Though they seem to have gained some currency in sociology and scientific circles, memes have found their true place in the blogosphere, where its progency, in classic style of natural selection, has obliterated all other memes about the nature of the meme. (In other words, this meme about the meme has survived, while the other memes about memes have gone extinct.)

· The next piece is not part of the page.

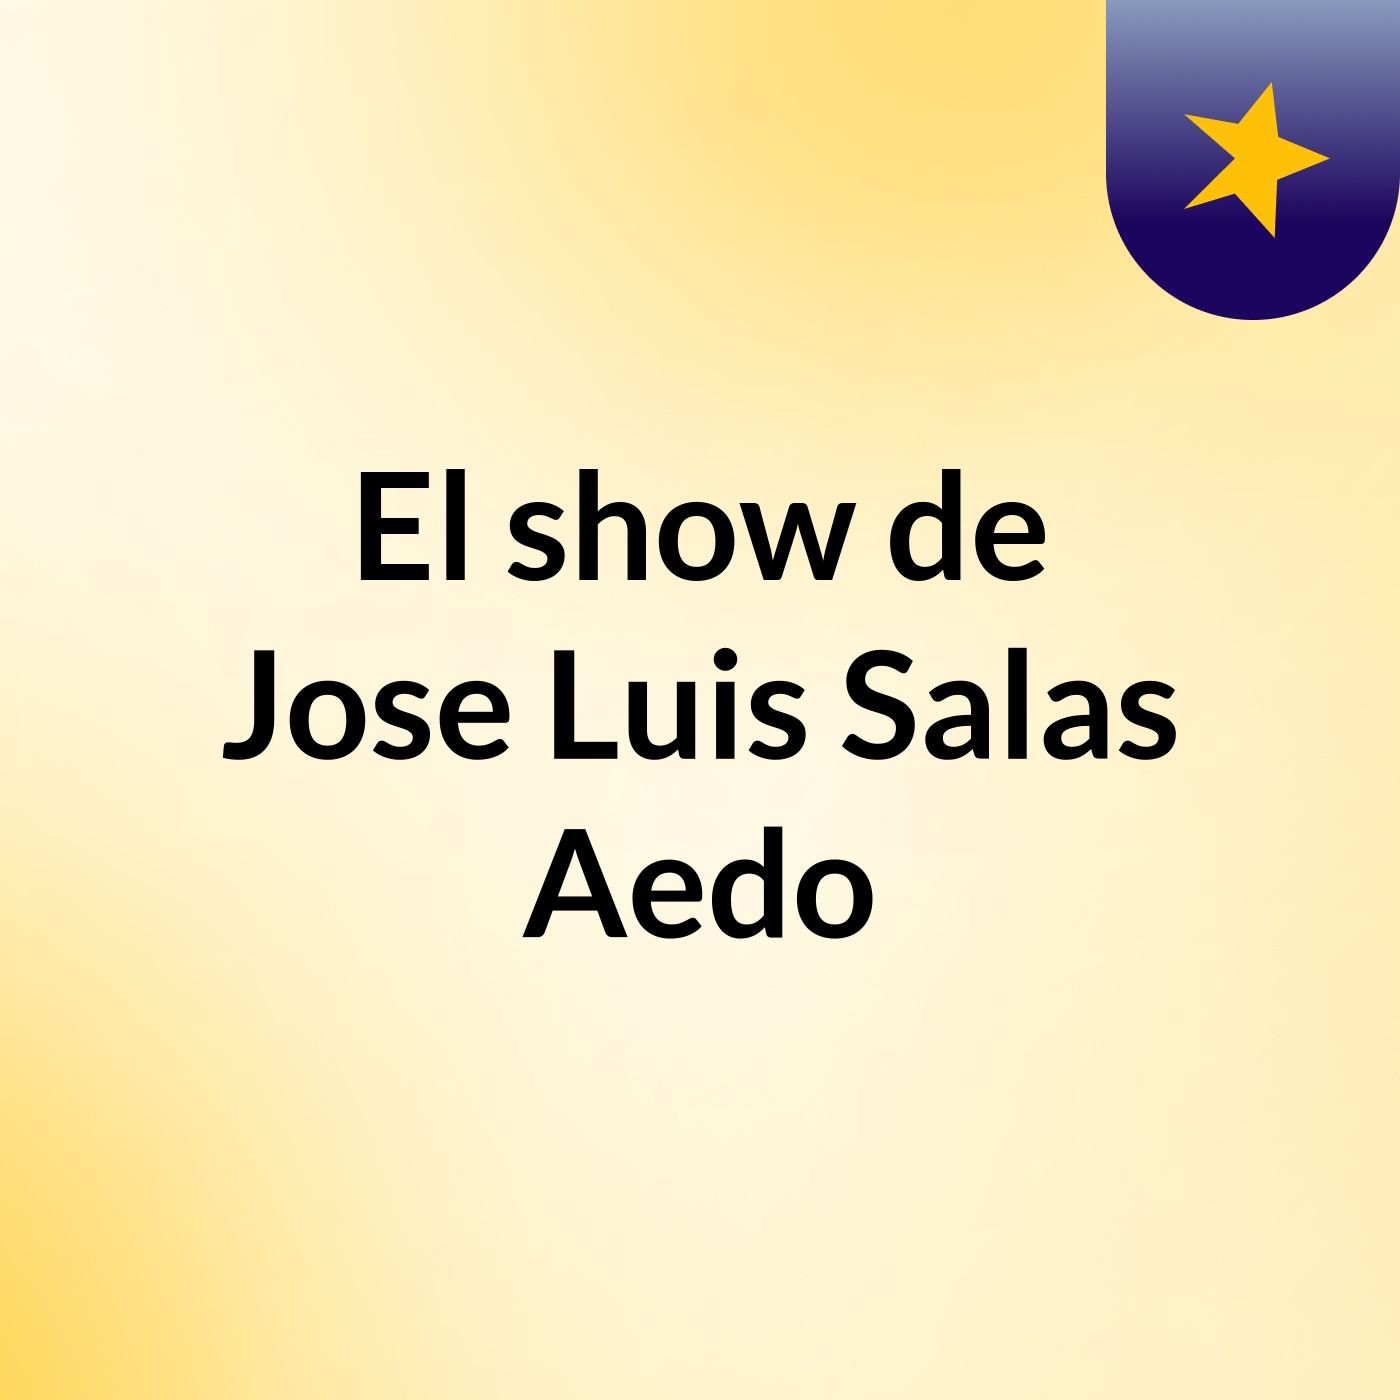 El show de Jose Luis Salas Aedo

I speak of being "tagged." You know to what I refer: posting on one’s blog a "meme" regarding one of many curious lists or such. You list the five books/albums/movies you’d take to a desert isle, or form a word with the first letter of the title of one’s seven-favorite poems by Symbolists; your 56 most embarrassing moments not involving a penis.
I had avoided being tagged for lo these many years, probably because most bloggers find me an irritating, ingratiating, and generally masturbating presence on their sites. However, Collin Kelley, a poet, novelist, and all-around mench who runs the excellent Modern Confessional blog, finally did what I had been dreading — I was tagged for his meme*.

Silly meme
It is the etiquette of such things that if I do not respond, a man named Ubaldo will come to my home and break my ankles.
So I will submit to the inevitable, and fulfill my duties as a blogger. To borrow an evolutionary perspective, I can’t think of the utility of such things as a writer or how they help me survive. But I if you blog long enough, you’ll drown in the memepool.
Just remember — "meme" is "me" written twice.
If that is supposed to meme anything. Because I had a really bad meme about it last night. As nothing is as it memes. Don’t wear your blue memes to shul. And I’ll shut up now.
*The meme is to turn to page 123 of a work of fiction, go to the fifth sentence, and copy it and the following three sentences. This is from Brock Clarke’s "An Arsonist’s Guide to Writers’ Homes in New England":
"And what does one do when finally becomes a grown-ass man? Why, one goes back to the people he’s loved and lost and tells them, as the poet says, the whole truth and nothing but and then refuses to go anywhere until he is forgiven for lying in the first place. It was time. Hopefully it wasn’t past time."
Now that I’ve done that, I tag Gawker, Daily Kos, and right-wing cybernut Michelle Malkin.
[...] Original post by Bookfraud [...]
Actually, this was one of my least favorite memes to date. I only did it because I’d been double-tagged and felt obligated. Glad you got a whole post out of it though. Very cool.
first poster: are you a bot? a hot bot? hot bot with a big g-spot?
collin: that’s the thing — one feels obligated with these memes. even if we don’t want to post, we post. it was cool to get a post out it, however.
Amusing post, thanks.
http://wheremytruthlives.wordpress.com/2008/02/15/what-is-a-meme/
I’ve seen Dawkins referenced in at least four blog posts recently. I think it’s time I acquire some of his books and better acquaint myself.